Large Scale Site Optimizations

General Discussion : Developer Blog Previous Index Next Threaded
Jump to first unread post. Pages: 1
nic
07/14/09 11:40 PM

Edit Reply Quote Quick Reply
Hello everyone!

As I've alluded to in a few other posts, I've been steadily making changes to the VGT "backend" (SQL database, web server, and web page optimization) over the past few months.

I thought I'd share with you what I've been up to, as I much of my work isn't immediately visible, yet I hope my changes contribute to improving the overall quality of VGT. Lately there has been a ton of great research in the area of web performance, both in server and in the browser. There are some great books out there (High Performance Websites, and Even Faster Websites by Steve Souders), as well as a lot of great tools (Firebug/YSLow, PageSpeed, WebPageTest.org, etc).

Coinciding with this, a lot of research has been published by Google and Microsoft lately regarding the correlation of how fast a page "loads" vs. visitor happiness and retention rate. While I don't think that VGT is a "slow" website, I have focused on several areas to improve the page load times for the site.

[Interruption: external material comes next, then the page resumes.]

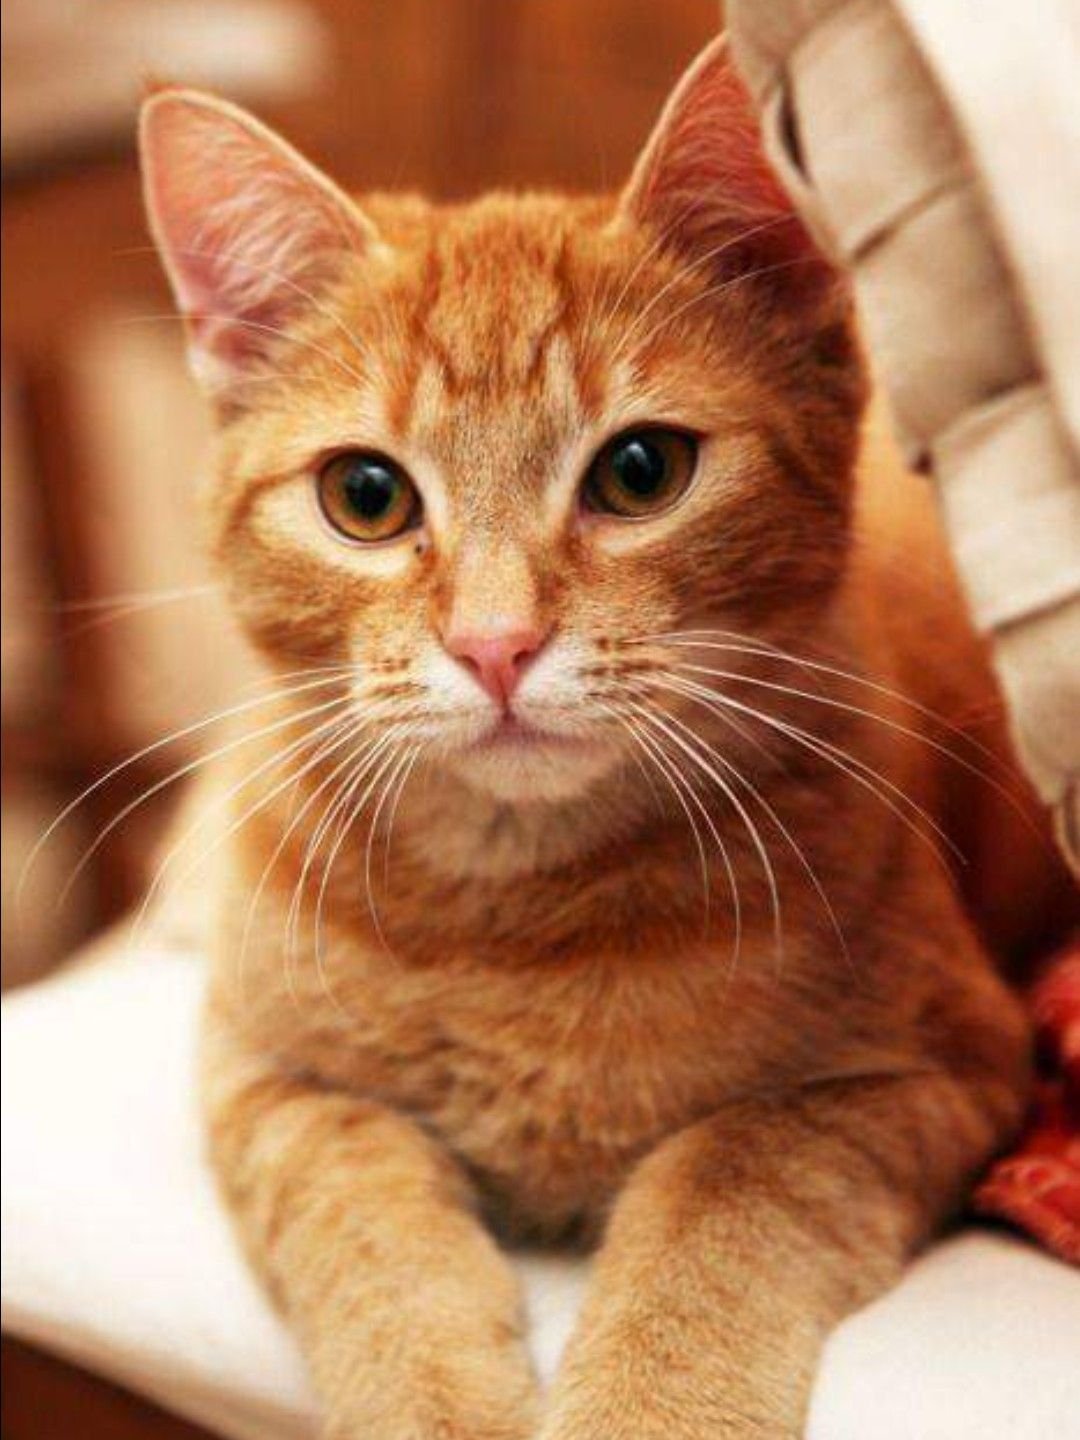 Породы кошек с рыжими глазами. Европейский короткошерстный кот рыжий. Европейская короткошерстная табби рыжий. Европейская короткошерстная кошка рыжая. Цейлонская короткошерстная кошка рыжая.

Here are several of the resources I use:
http://developer.yahoo.com/yslow/
Firebug: https://addons.mozilla.org/en-US/firefox/addon/1843
Google PageSpeed: http://code.google.com/speed/page-speed/
http://www.webpagetest.org/
http://smush.it/
http://developer.yahoo.com/performance/rules.html#num_http

The main performance techniques for minimizing page load times can be summed up in a few key areas. The last link above goes into these topics in more details:
* Minimize the number of requests (html, images, css, javascript, etc)
* Minimize the size (KB) of components (ditto above)
* Serve content closer to the consumer (via a Content Delivery Network, aka CDN)
* Minimize the number of requests for repeat visitors (setting far-future Expiry times so their browser doesn't re-request it to see if it's changed on later visits)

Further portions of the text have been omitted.